Tuesday, April 23rd, 2019
Monday, November 26th, 2018

Thrillington: lessons learned from replicating a recurrent model of visual attention

Neural networks for computer vision process an entire image in parallel, but humans and many other animals fixate on a series of points in a scene as they scan it for information. This act of actively sampling the visual environment is called “overt attention”, and it has inspired several threads of artificial intelligence research. One example can be found in the paper Recurrent Models of Visual Attention (RAM) by Mnih et al. from 2014 (https://papers.nips.cc/paper/5542-recurrent-models-of-visual-attention). The RAM model is a recurrent network trained in part with reinforcement learning to integrate a series of small “glimpses” that it uses to classify images. In this talk I will discuss my results from implementing this model (https://github.com/NickleDave/thrillington). I will begin with a brief introduction to the stochastic units used in the RAM model and how they can be trained with the REINFORCE algorithm. Along the way I’ll point out issues with some extant publicly-available implementations and some “tricks of the trade” for training reinforcement learning agents. Then I will provide an analysis of the “behavior” of this model and how that behavior depends on its hyperparameters. Lastly I’ll talk about work in progress benchmarking this model and others (https://github.com/NickleDave/aver) with a visual search task (https://github.com/NickleDave/searchstims).

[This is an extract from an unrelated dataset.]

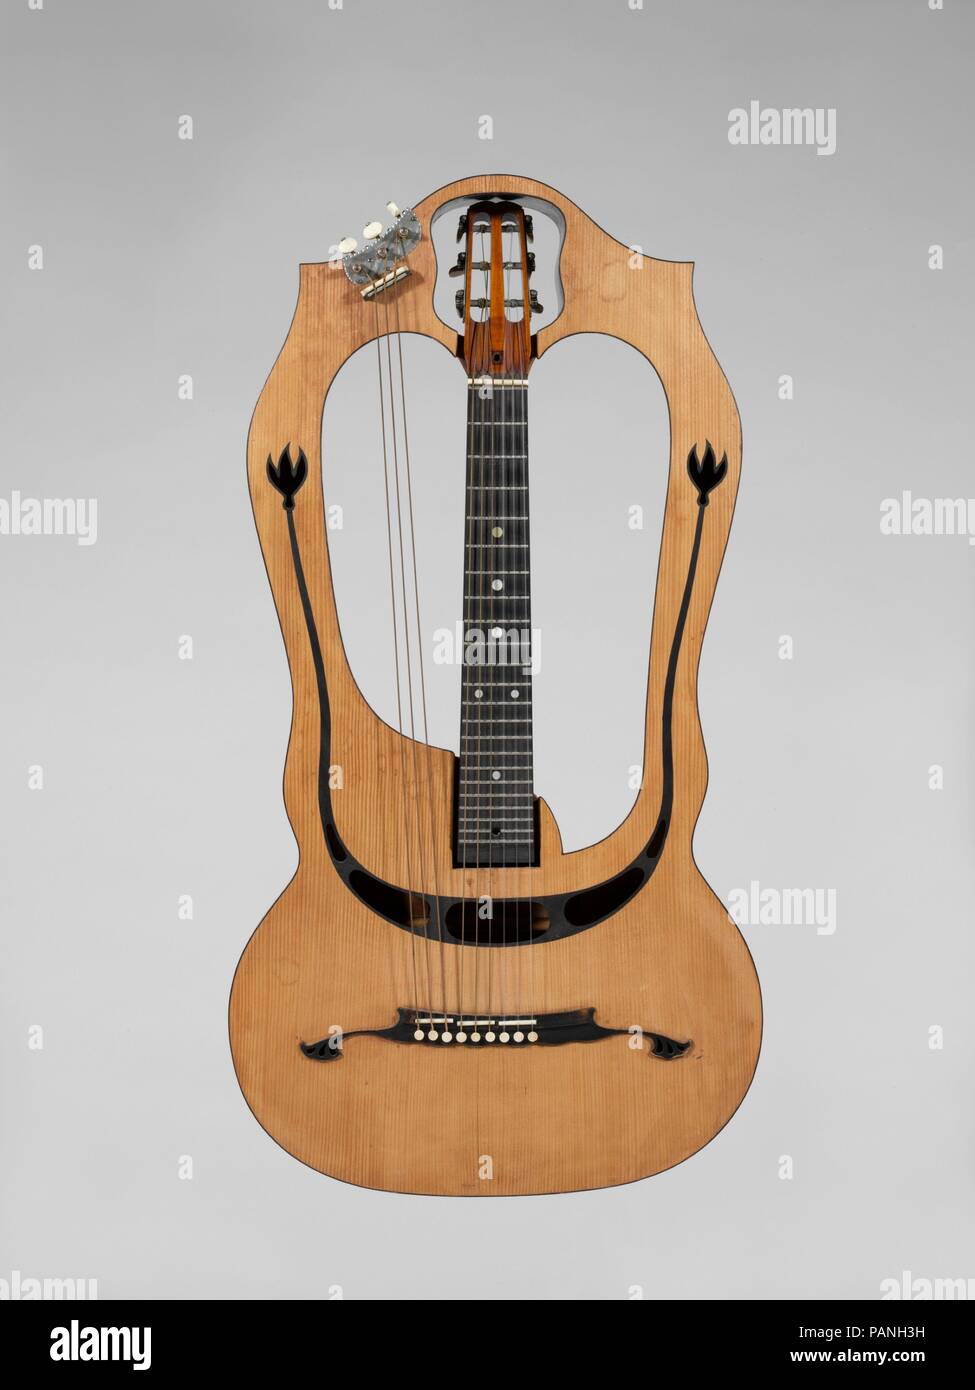 Lyre Guitar High Resolution Stock Photography and Images - Alamy

A comparative study of neural network architectures for segmentation: finding syllables in birdsong

Vocalizations such as speech can be segmented into units like words or phonemes. Neural networks for speech to text typically avoid segmenting into units of time, instead mapping directly from the input features to a sequence of text. Neglecting the segmentation problem allows these networks to achieve high accuracy. However there are many cases where it is desirable to find segments, such as diagnosis of speech disorders.

Another case where it is desirable to find segments is in birdsong. Songbirds learn their songs as juveniles from adult tutors, much like a baby learns to talk from its parents. Many neuroscientists study songbirds to understand how brains learn and produce speech and similar motor skills like playing the piano. However the field has been held back by the inability to fully automate the process of segmenting song into its elements, often called syllables, and then label those syllables. Because of this bottleneck, often only a small portion of the thousands of songs collected in a behavioral experiment can be analyzed.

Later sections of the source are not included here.